2016-02-25
Greta Werner
Another Greens member recently told me they thought economics as a whole was about as bad as 'selling your grandmother'. Many people probably have this perception, which is why they avoid thinking about it.
As far as I'm concerned, nothing could be further from the truth! Economics is simply the study of how we distribute the 'benefits of social cooperation' as theorist John Rawls puts it in his 1999 work, A Theory of Justice. These benefits can be distributed fairly — or unfairly — and it's up to us to work towards one or the other.
However, first we need to understand what the benefits of social cooperation are.
Each to their own
If cooperation suddenly ceased, then every person would have to gather and prepare their own food, make their own clothing and build their own shelter.
This is the vision offered to us by the Trumps of the world — according to them, no one ever gave them a hand up, so they should give no one else help either.
Of course, they're fooling themselves. Even the process of learning to look after oneself involves the cooperation of those who care for us when we are young. At the beginning and end of life, we are completely dependent on the cooperation of those around us. It's hard to imagine what would really happen in a society where Trump's utter self-interest plays out but it's not pretty.
Instead of this social dystopia, we have societies in which the division of labour allows for immense economies of scale, producing enormous wealth. However, our wealth is dynamic, in that it is the product of trillions of concurrent acts of cooperation, using the products of past cooperation (i.e. built up capital such as machinery and knowledge) to keep the economy going.
Individualists have the tendency to overlook the extent to which their wealth is dependent on the cooperation of others. They attribute their wealth or poverty to themselves, unaware that structural features of the economy have contributed to their 'fate'.
A capital idea
A simple way to describe the current structure of the economy (which is actually made of many legal, technological and physical structures and social conventions, some of which clash) is to point out that it is dominated by hierarchical organisations (firms) in which those who own capital organise others to produce commodities which are sold for profit.
This is the 'economic sphere', which, as Yanis Varoufakis, former finance minister of Greece, has pointed out, seems quite separate to the 'political sphere' where each person is supposed to get a vote.

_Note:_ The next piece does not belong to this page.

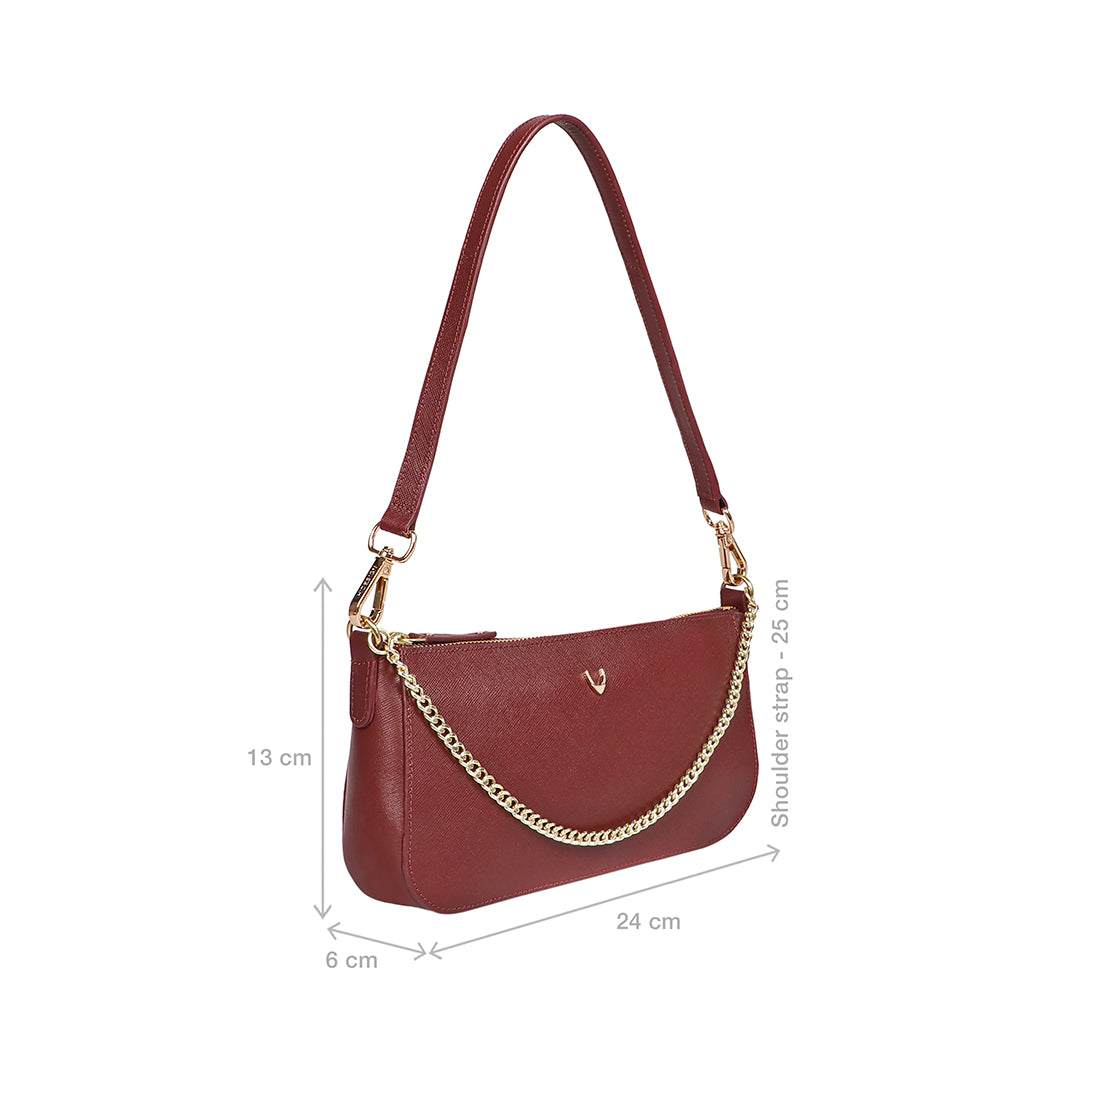 swiss polo 2 in 1 ladies purse - Buy swiss polo 2 in 1 ladies purse at Best  Price in Malaysia | h5.lazada.com.my

It's worth pausing here to encourage everyone to view Varoufakis' TED talk, because he makes a very compelling case for how to combine Marxian, Keynesian and libertarian insights to bring the political and economic spheres back together to fix the enormous waste of human productive capacity that we currently see. For example, he points out that the huge mountain of debt that has built up around the world is matched by a huge mountain of spare cash that investors are too scared to invest because of a decline in demand (due to austerity). Other market failures include climate change, loss of biodiversity, poverty, the GFC which was part of the boom/bust cycle of capitalism, and the list goes on.
This horrible mess seems like a bunch of wicked problems, particularly as the political will to solve these problems at government level is in the minority, and the agreement and coordination needed seem impossibly far away.
The sharing economy
But let's have a look at the phenomenal amount of social cooperation which does, in fact, take place. Many uncounted and unmeasured parts of the economy contribute to our wealth, such as when neighbours share the 'school run' or when we make gifts for each other or clean homes that we share with others. All these kinds of activities add to the social capital of a society and contribute to its wealth.

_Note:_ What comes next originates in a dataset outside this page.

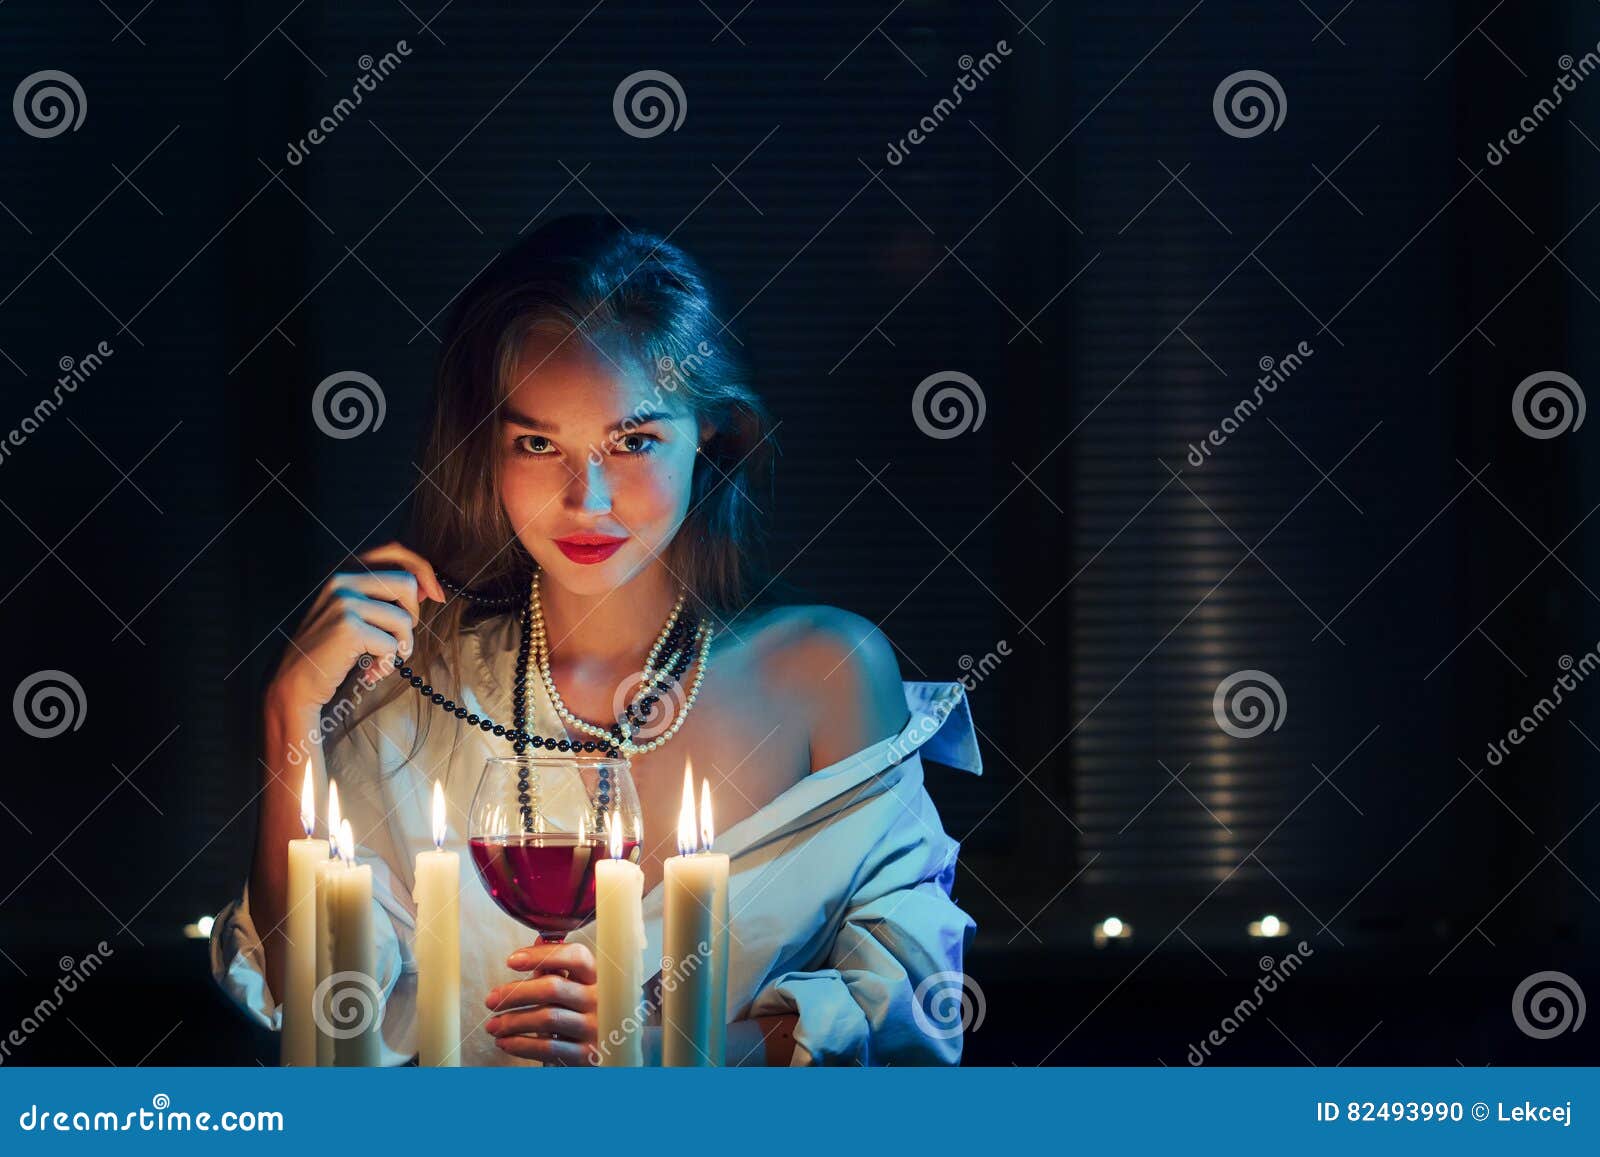 Woman With Candles Stock Photo Image Of Dark Interior

At the moment, these moments of cooperation operate very much on a private scale but I suspect that current technologies can be adapted to help us distribute the benefits of social cooperation fairly. In the process, I think we will be able to solve many problems which exist due to market failures.

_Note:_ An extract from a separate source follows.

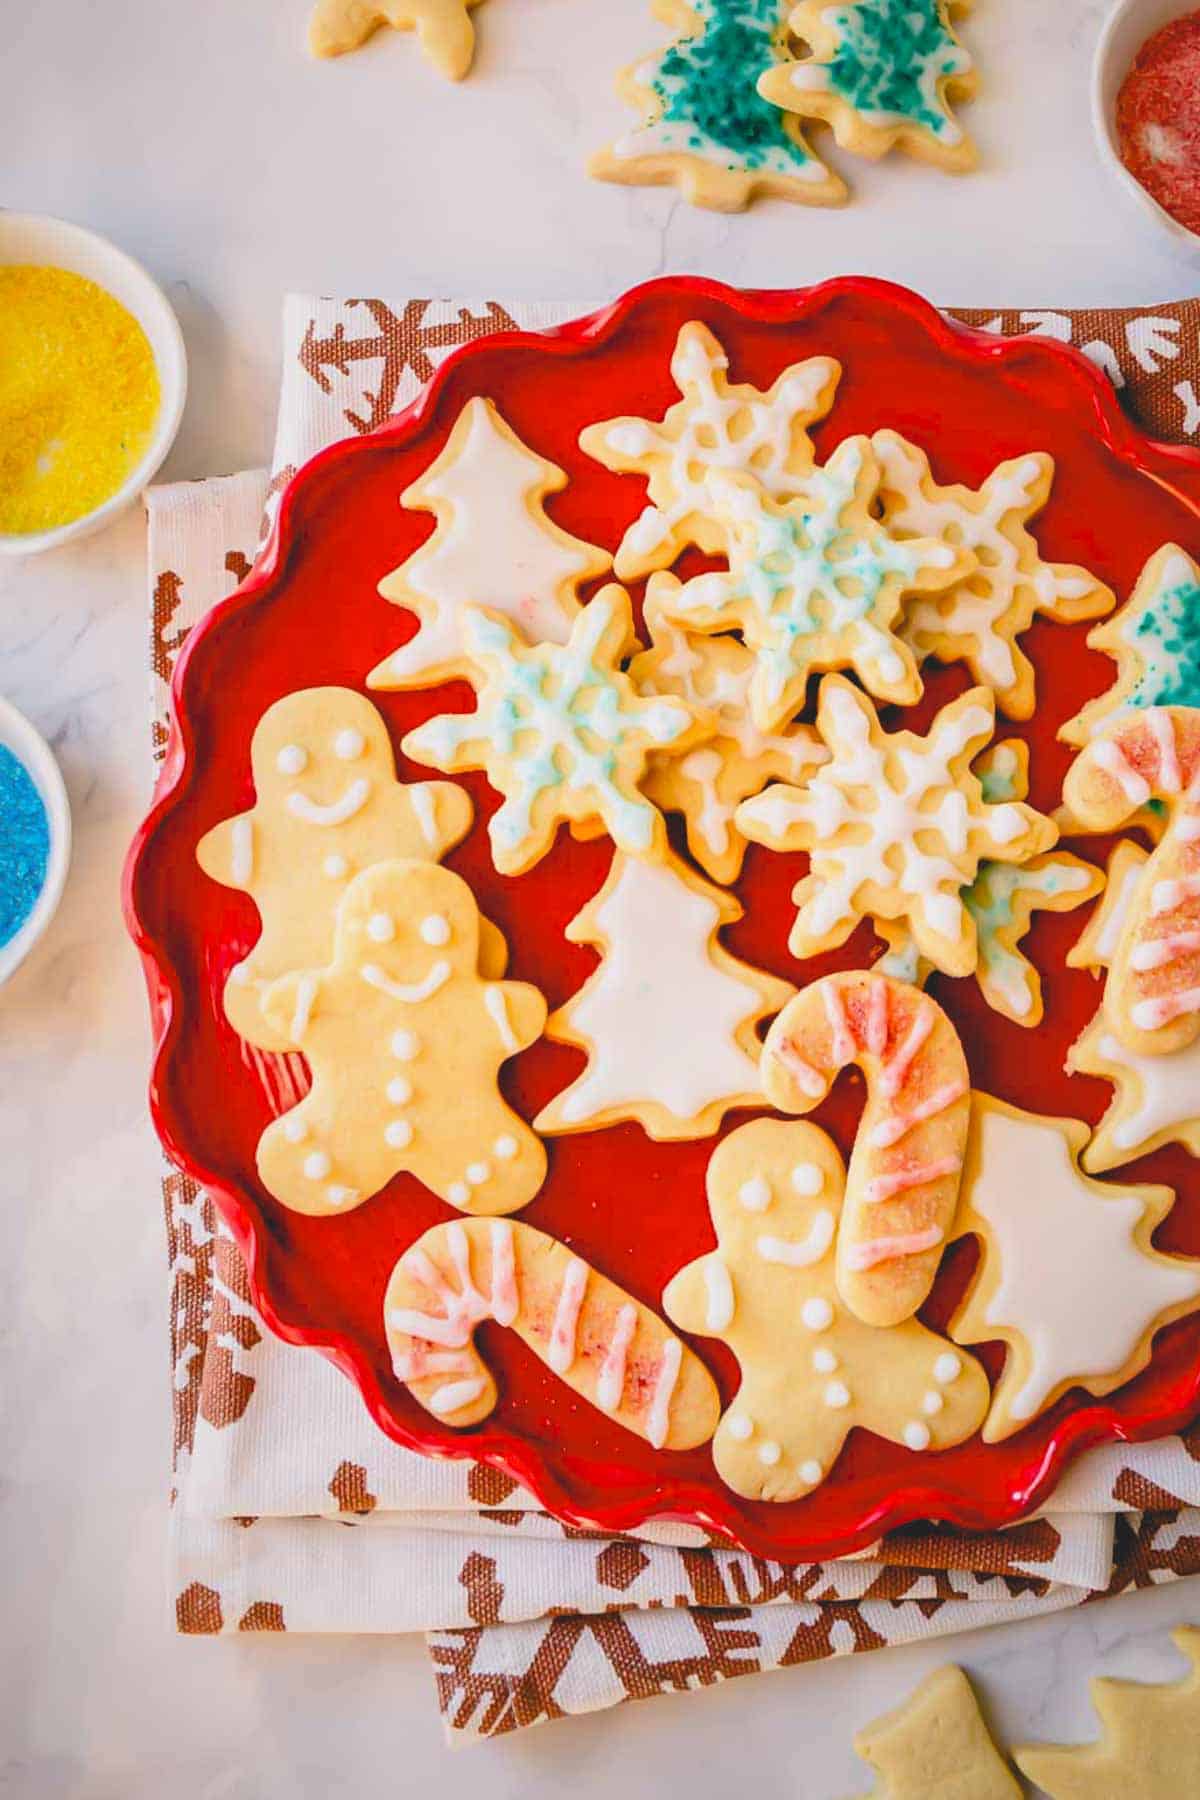 A red plate full of decorated christmas sugar cookies.

In his TED talk, Varoufakis notes that if people could organise themselves to work for capital instead of wages, the gap between those who own the capital within an organisation but don't work within the organisation, and those who work for the organisation, but don't own its capital, can be closed. We would have to find a way to organise work such that the capital produced within an organisation is shared with each worker who is contributing to its creation, and which people could take with them when they move to new jobs.
Wage labour would not exist within this system, and instead every worker becomes a social entrepreneur. Though this seems like a difficult idea to put into practice, organisations such as Uber already require workers to bring their own capital (their car), and software such as Xero already allows small business people to keep track of complex financial flows. Add a social network media such as LinkedIn, and we are nearly there! The time to cooperate with each other, to build our social capital, is now.
Greta Werner is an honours candidate in Political, Economic and Social Science at the University of Sydney. She coordinates campaigning for St George Greens local group in NSW, coordinates the Primary Ethics programme for her local school and lives in Sydney's Banksia with her partner and three children.